Um fato fascinante é que Kerri Maniscalco utilizou-se da história real para basear sua ficção, então mesmo com toda a licença poética é possível entender mais sobre os episódios assinados por Jack Estripador, como era vista a sociedade naquela época e como de fato, o caso foi tratado. Para complementar seu livro e tirar as dúvidas que podem surgir durante a leitura, do que é ou não real, ao final desta edição a autora nos fornece uma lista de alterações que foram feitas, aponta as imprecisões históricas e as liberdades que ela tomou.

A obra foca muito no empoderamento da mulher e por mais que Audrey tenha pecado em seu desempenho como detetive e também como personagem em alguns aspectos – justificado devido aos seus 16 anos – devo dizer que a autora acertou em sua aposta de trazer um diferencial para dentro de uma história que se passa no século XIX. Audrey pode estar atada as amarras da época e de uma sociedade sexista, mas está disposta também a sofrer as consequências que suas atitudes podem a levar. Ela não pensa duas vezes ao se vestir de menino para assistir as aulas do tio se este é o preço para ir em busca de uma ocupação. Ela não deixa de questionar seu pai, irmão ou tia sobre o que esperam dela. Na realidade, Audrey é uma grande questionadora e a busca da personagem em compreender os motivos que a colocam numa posição inferior é algo realmente interessante de se acompanhar.É por isso que a personagem cria tanta empatia pelas as vítimas de Jack Estripador, afinal, quem eram aquelas mulheres? Porque se arriscaram tanto? Nisso a autora acerta em cheio ao humanizar estas mulheres que tinham uma vida, filhos, casa e que, se estavam na posição em que estavam, era por que esta sociedade havia lhes virado as costas. Só esta abordagem desmistifica em nossas cabeças a imagem dessas mulheres mutiladas por um assassino, que não deveriam ser lembradas apenas pelo momento de suas mortes em uma viela escura.

No começo eu disse que Audrey pecou um pouco como detetive, levando em consideração que muito pouco ela desvendou sozinha, Thomas é o par de Audrey em suas descobertas e ambos trabalhando juntos me fazem entender a comparação do casal com a dupla Sherlock Holmes e Watson. O diálogo entre os dois é afiado, inteligente e instigante, incluindo o leitor em cada nova pista.

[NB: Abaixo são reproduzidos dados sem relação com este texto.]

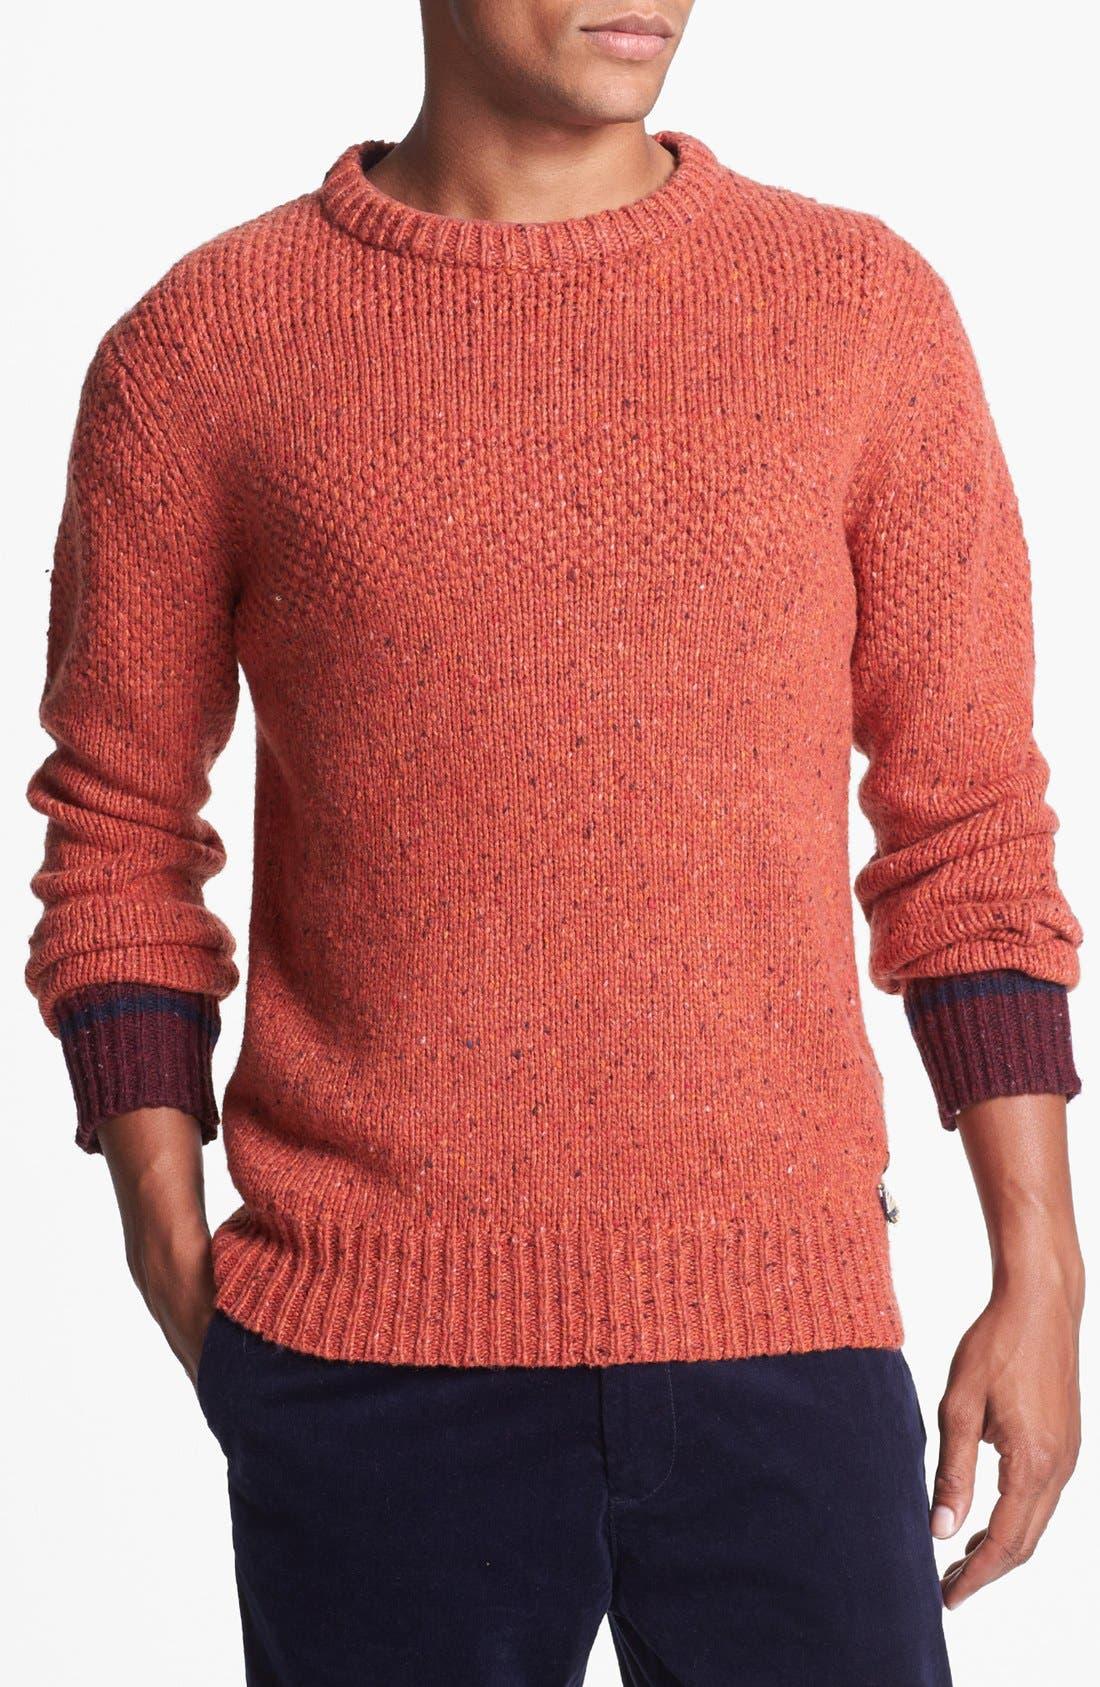 Alternate Image 1 Selected - Scotch & Soda Crewneck Sweater
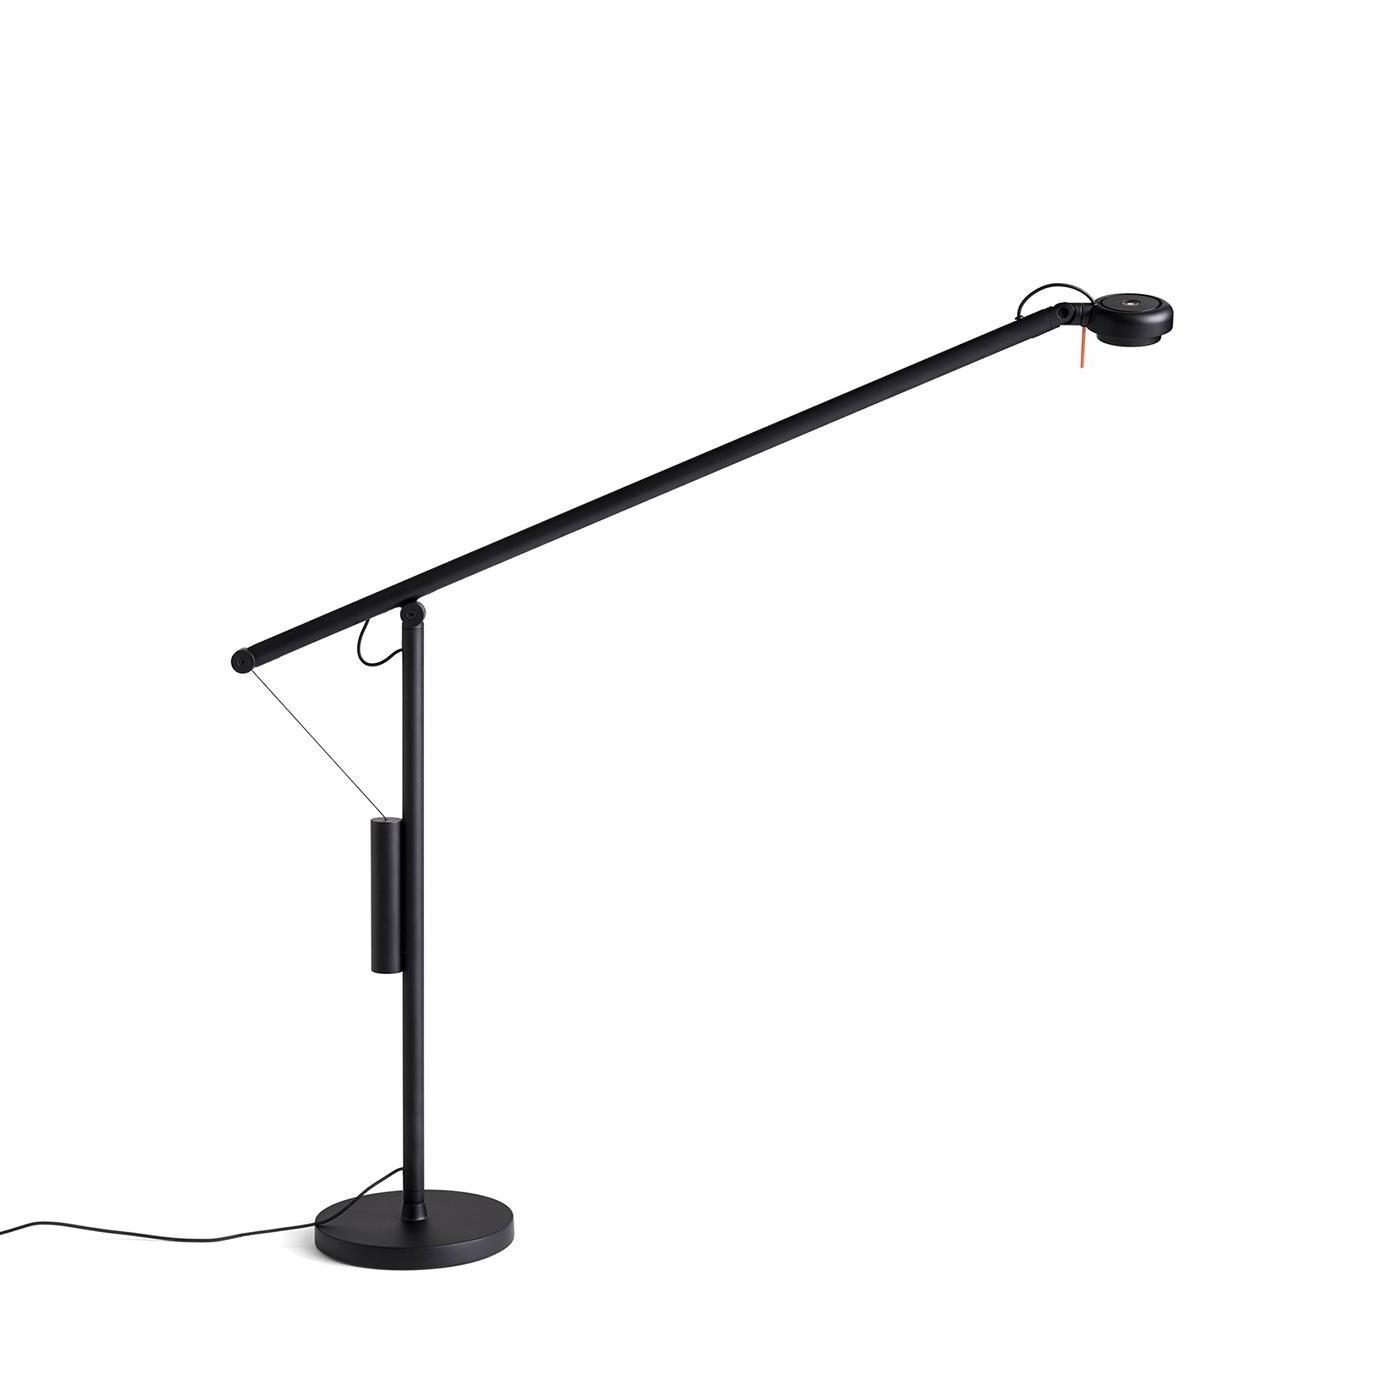 Ausbalancierte LED-Tischleuchte Fifty-Fifty

Em sua proposta final, Rastro de Sangue me conquistou e eu pretendo sim dar continuidade a série, foi muito divertido me aventurar com estes personagens. Se eu tivesse que classificar Rastro de Sangue eu diria que este é um romance de época regado a sangue e mistério. Digo isso pois apesar de toda a atmosfera sombria e o cenário com assassinatos e vísceras, existe romance. Audrey e Thomas formam uma dupla e tanto e nosso querido personagem secundário se mostra bastante perspicaz. Com certeza quero conferir mais desta relação, irritantemente, adorável que os dois mantêm.

A edição da Darkside Books é uma viagem a Londres de 1888. Documentos que fizeram parte desta época e da investigação do caso Jack Estripador estão inclusos a cada início de capitulo, então, podemos esperar que tal elemento apareça antecedendo as páginas prestes a serem lidas, transformando a leitura em algo mais instigante. Alguns exemplos disso são as fotos, ilustrações de livros didáticos ou até mesmo a cópia de cartas escritas pelo suposto assassino na época, como no caso da mais famosa delas, a “From Hell”.

Os crimes de Jack Estripador sobrevivem por centenas de anos, hoje em dia, centenas de mulheres continuam sendo mortas das maneiras mais cruéis possíveis e isso apenas por dizerem um simples “não”. O fato de Kerri Maniscalco trabalhar isso em sua obra, o transforma em um livro digno para ser conhecido, pois mesmo dentro da ficção, flerta com uma realidade cruel que aconteceu e que ainda reflete nos dias atuais.

Rastros de Sangue é o primeiro volume de uma série, até então, de quatro livros, segundo o goodreads. Em todos os livros teremos Audrey se aventurando ao lado de personagens clássicos da era vitoriana, como no caso do Príncipe Drácula, próximo volume, e Harry Houdini. Para este, eu sugiro que o leitor não espere uma leitura tão complexa, apesar de sua premissa. No meu entendimento, Rastro de Sangue é direcionado a um público mais juvenil, onde a narrativa é de fácil entendimento, fluida e acessível, mas que nada impede que a leitura seja feita por todas as faixas etárias. Para quem busca uma primeira experiência com histórias de investigação, tenho certeza que esta é uma obra bastante indicada para você, pois a autora segura muito bem o mistério que permeia a obra, a de quem é este misterioso e tão cruel assassino?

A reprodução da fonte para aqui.